=== Data extract ===
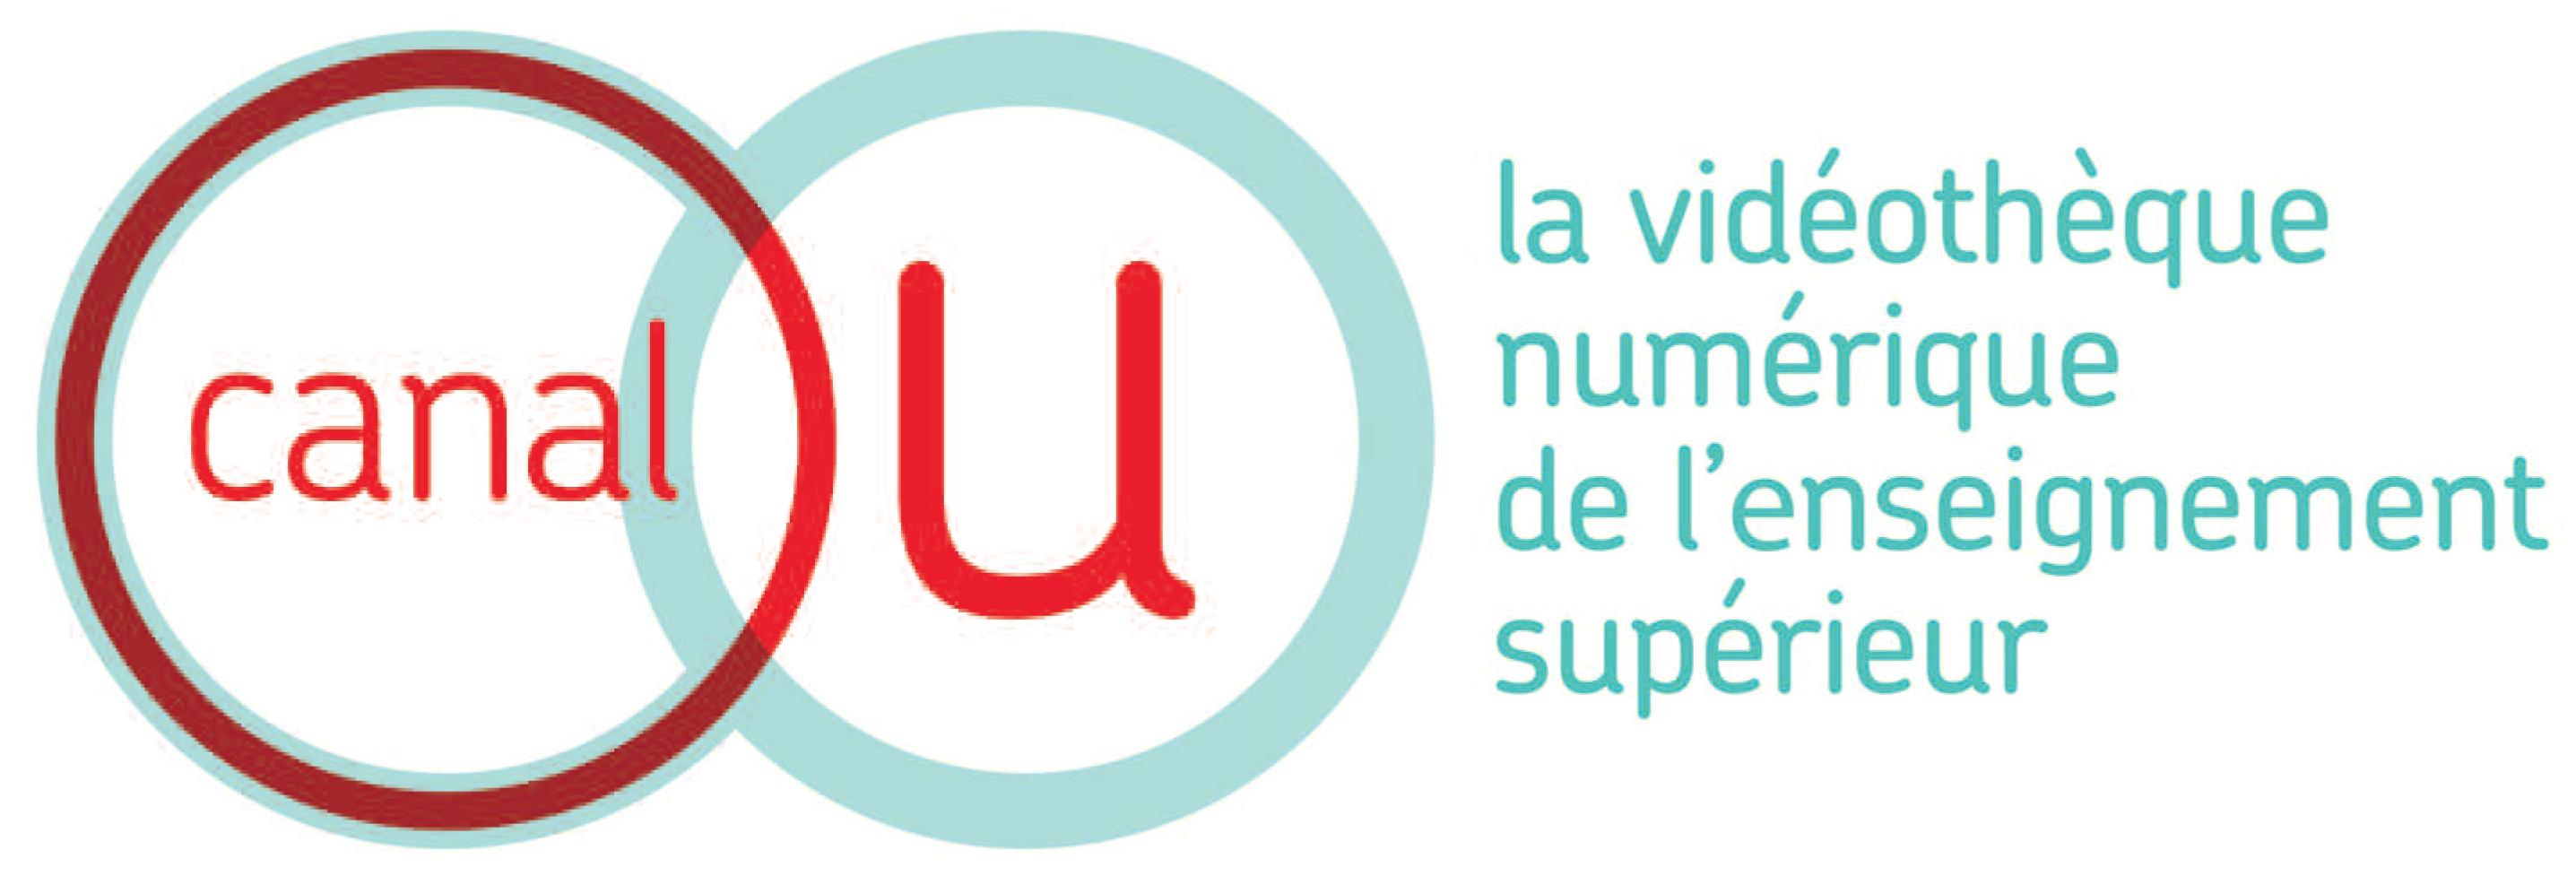 Canal-U logo
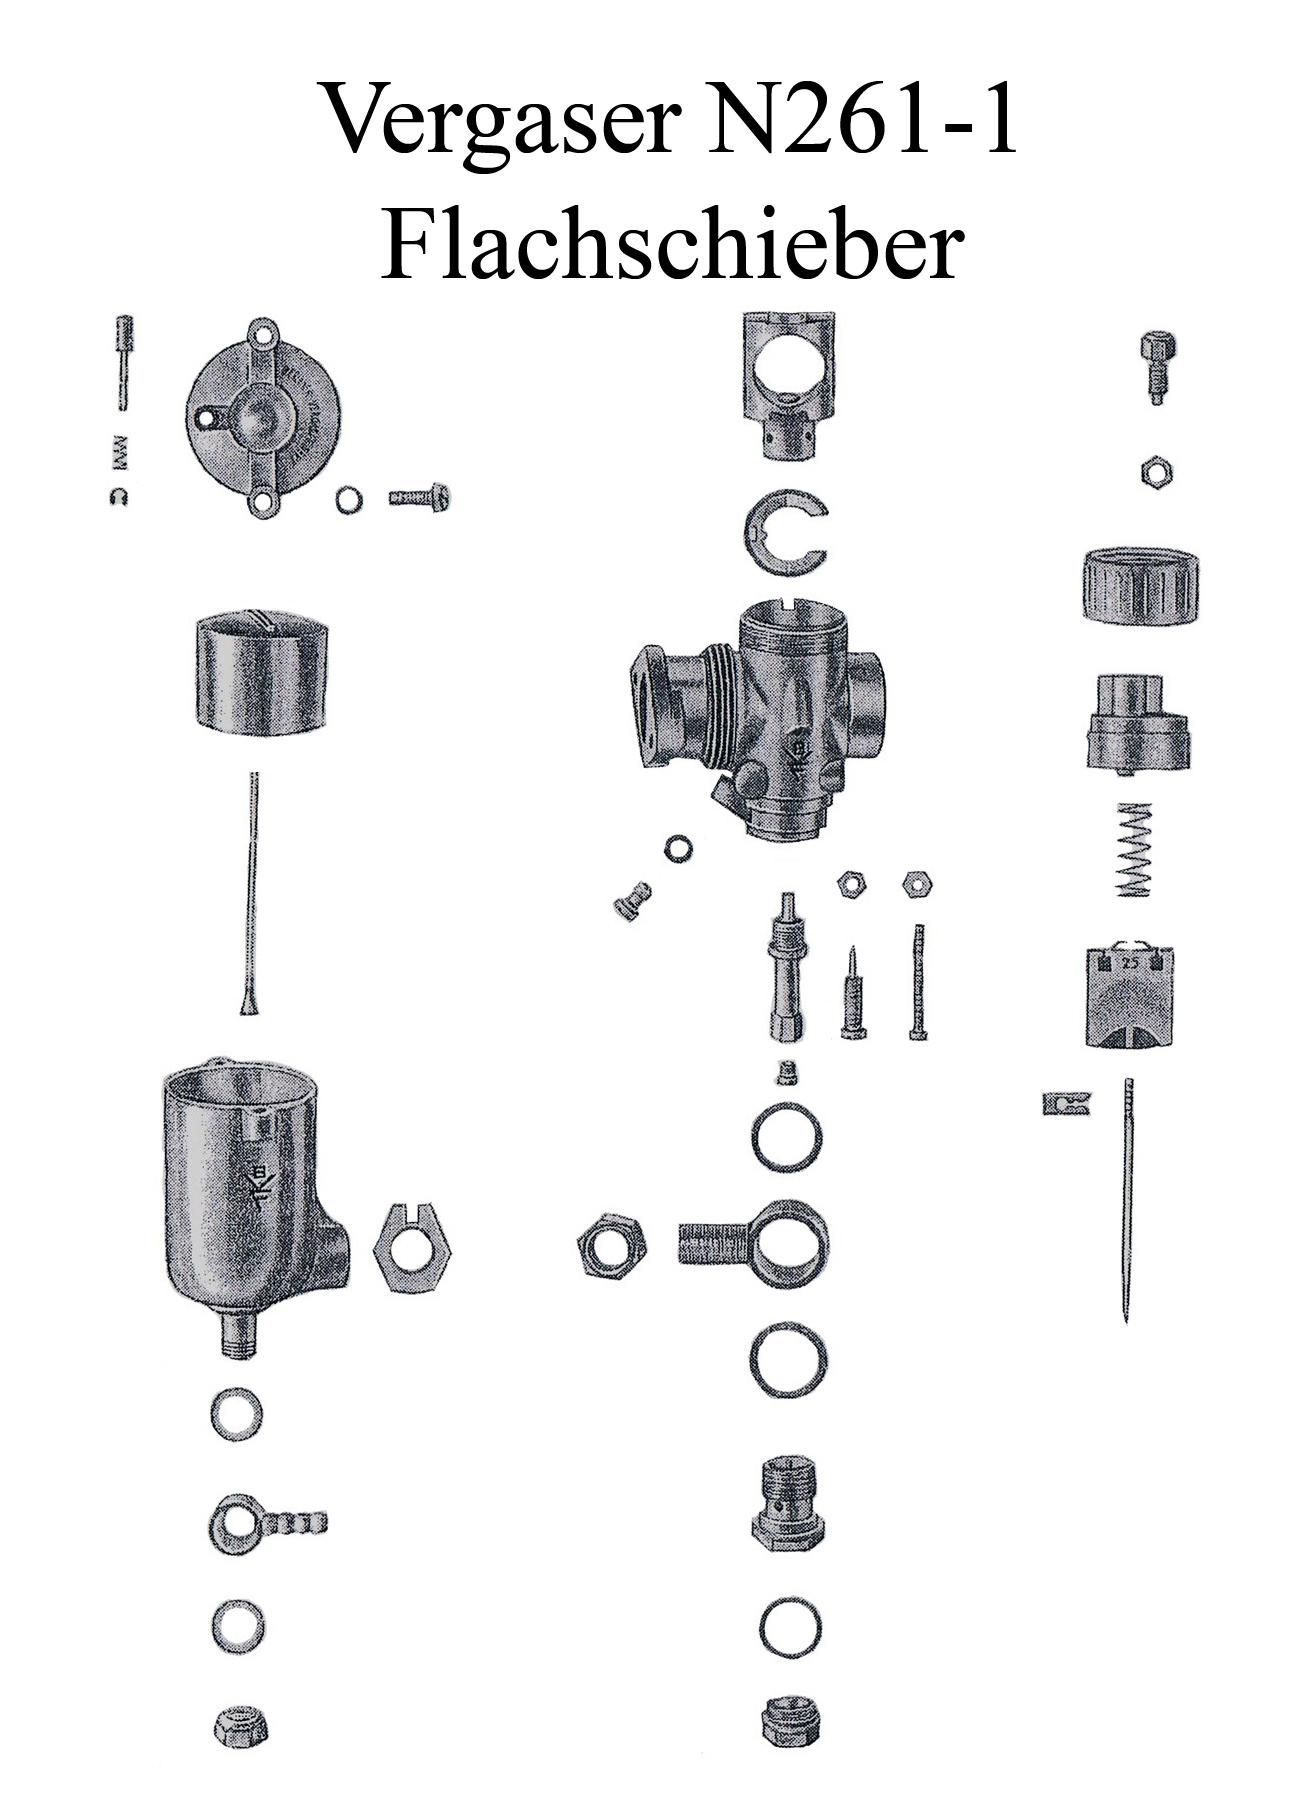 DDR-Motorrad Sport AWO BVF Flachschiebervergaser N261 Düse Dichtung Schwimmernadel Schieber Reparaturset
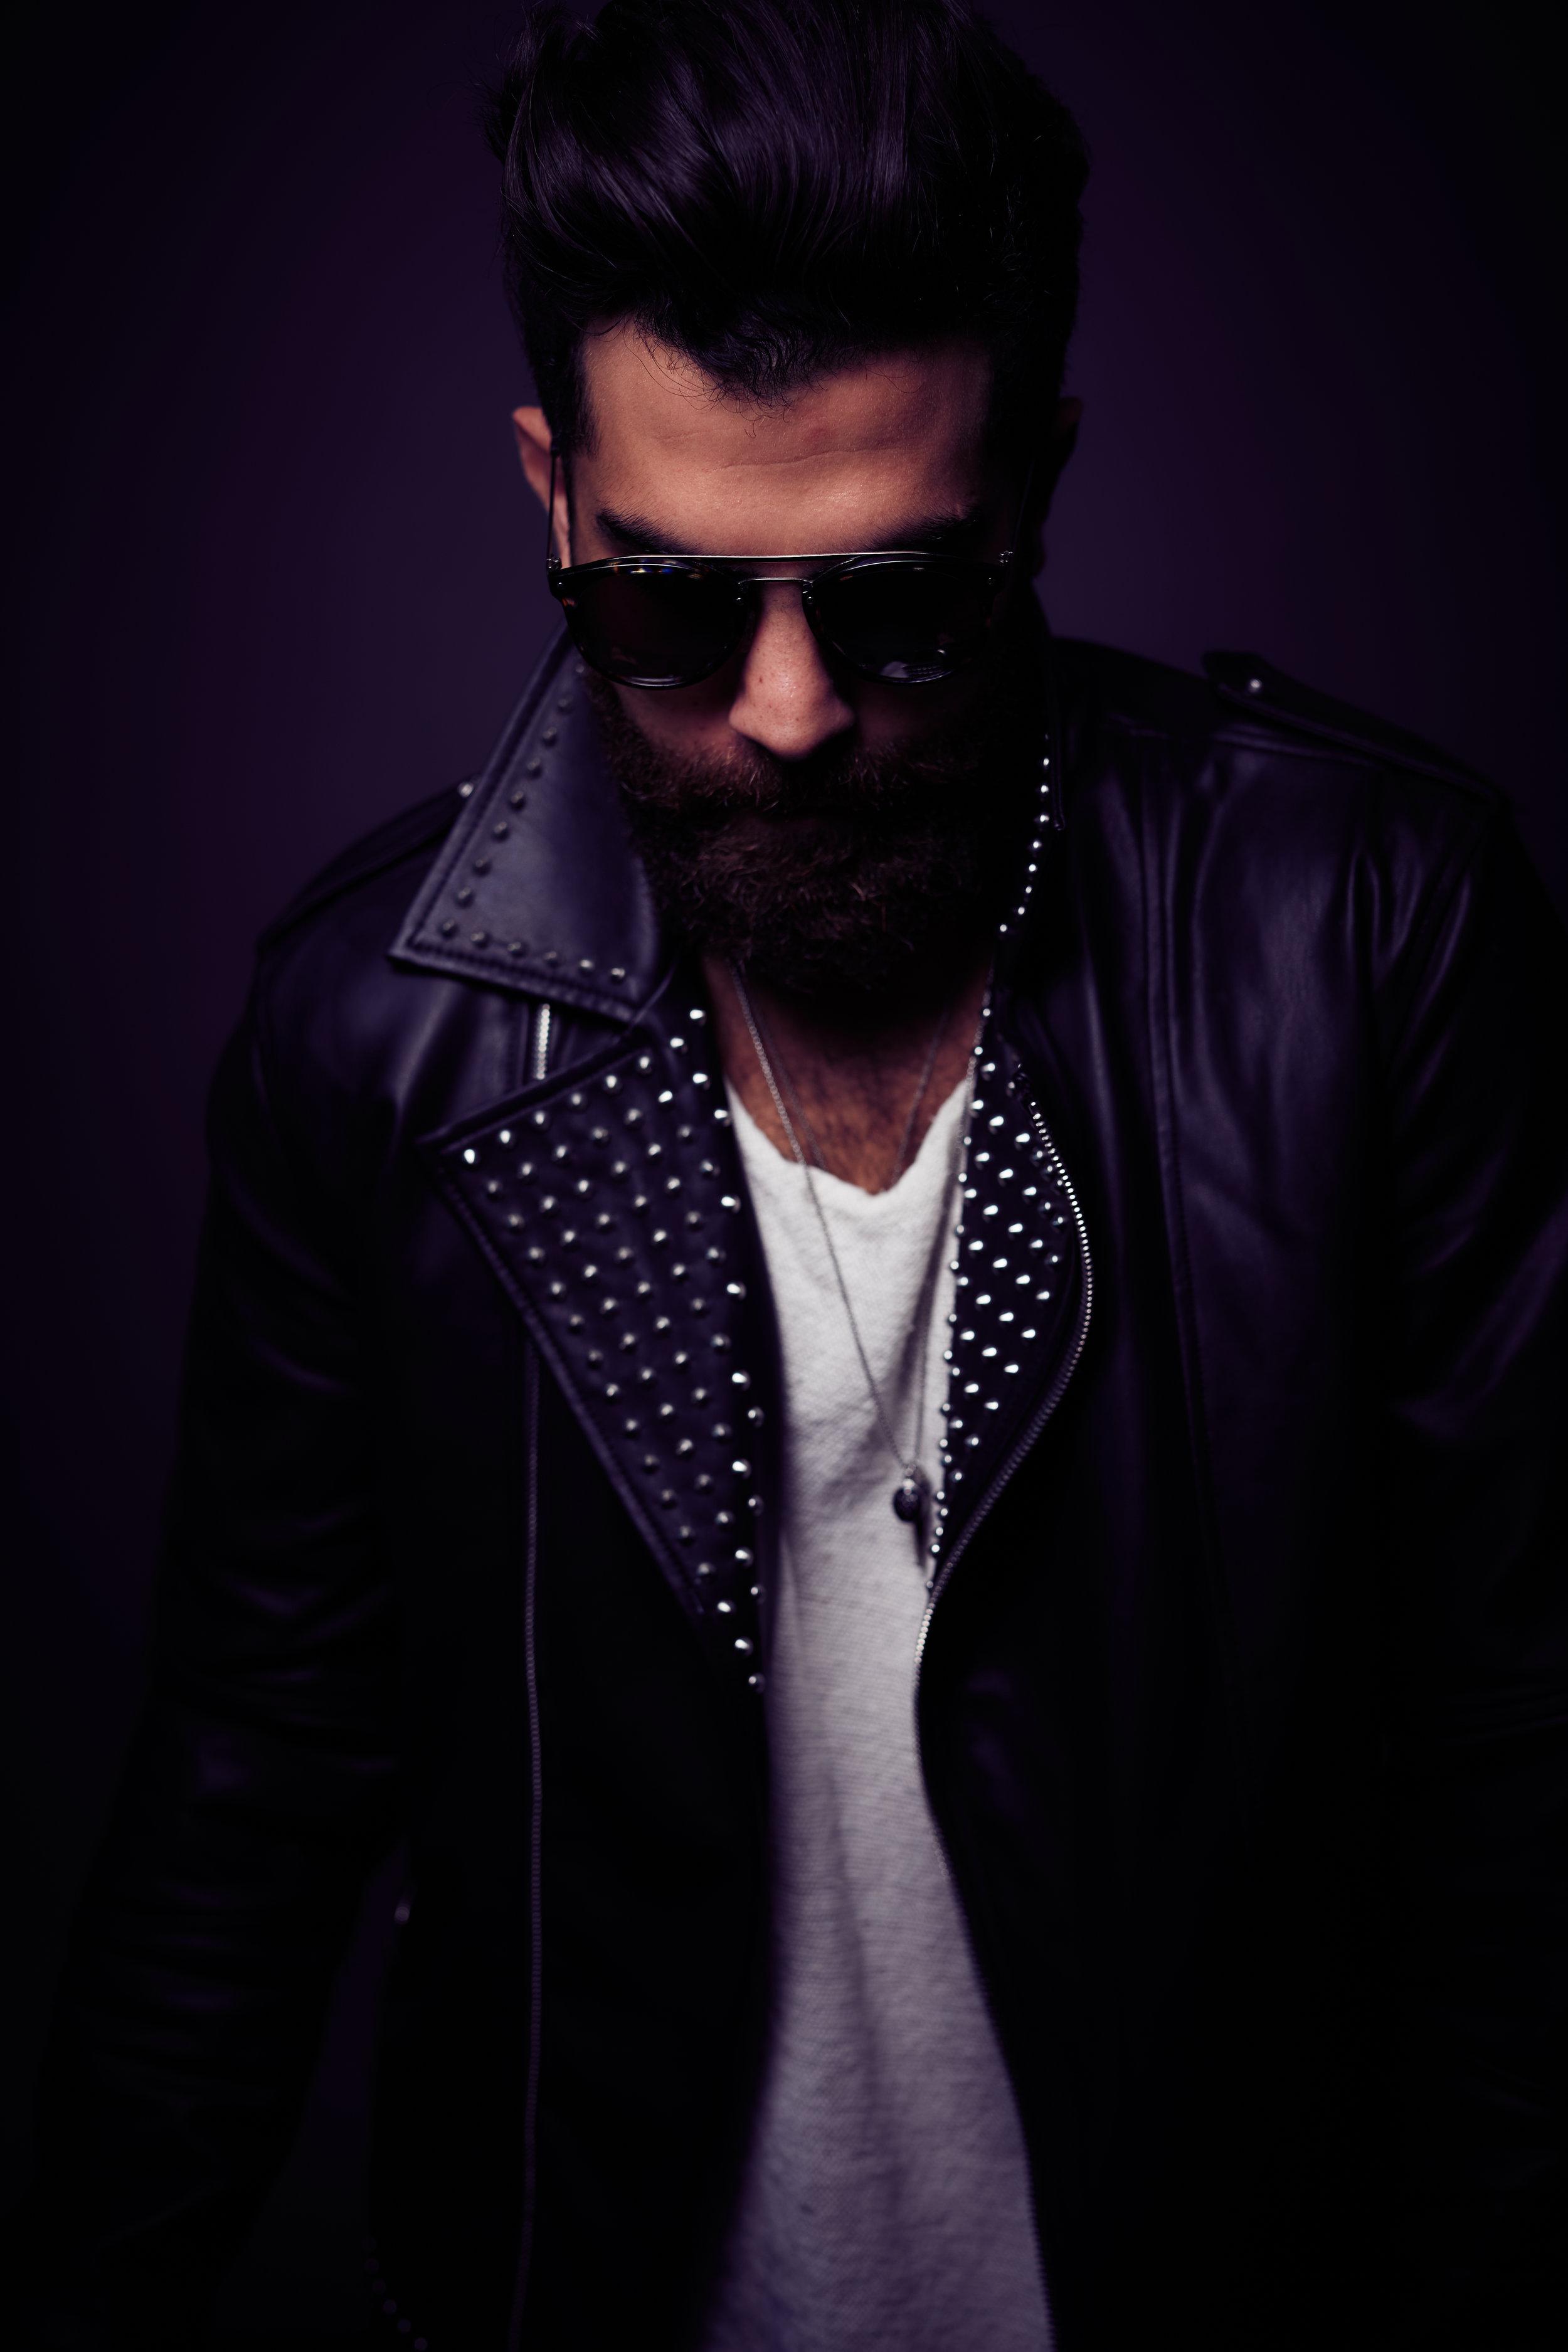 Portrait_063_Reza_Jackson_10375.jpg

=== Task goal ===
Give the material above again exactly as it stands, minus any images.

=== Written reply ===
 Canal-U logo
 DDR-Motorrad Sport AWO BVF Flachschiebervergaser N261 Düse Dichtung Schwimmernadel Schieber Reparaturset
 Portrait_063_Reza_Jackson_10375.jpg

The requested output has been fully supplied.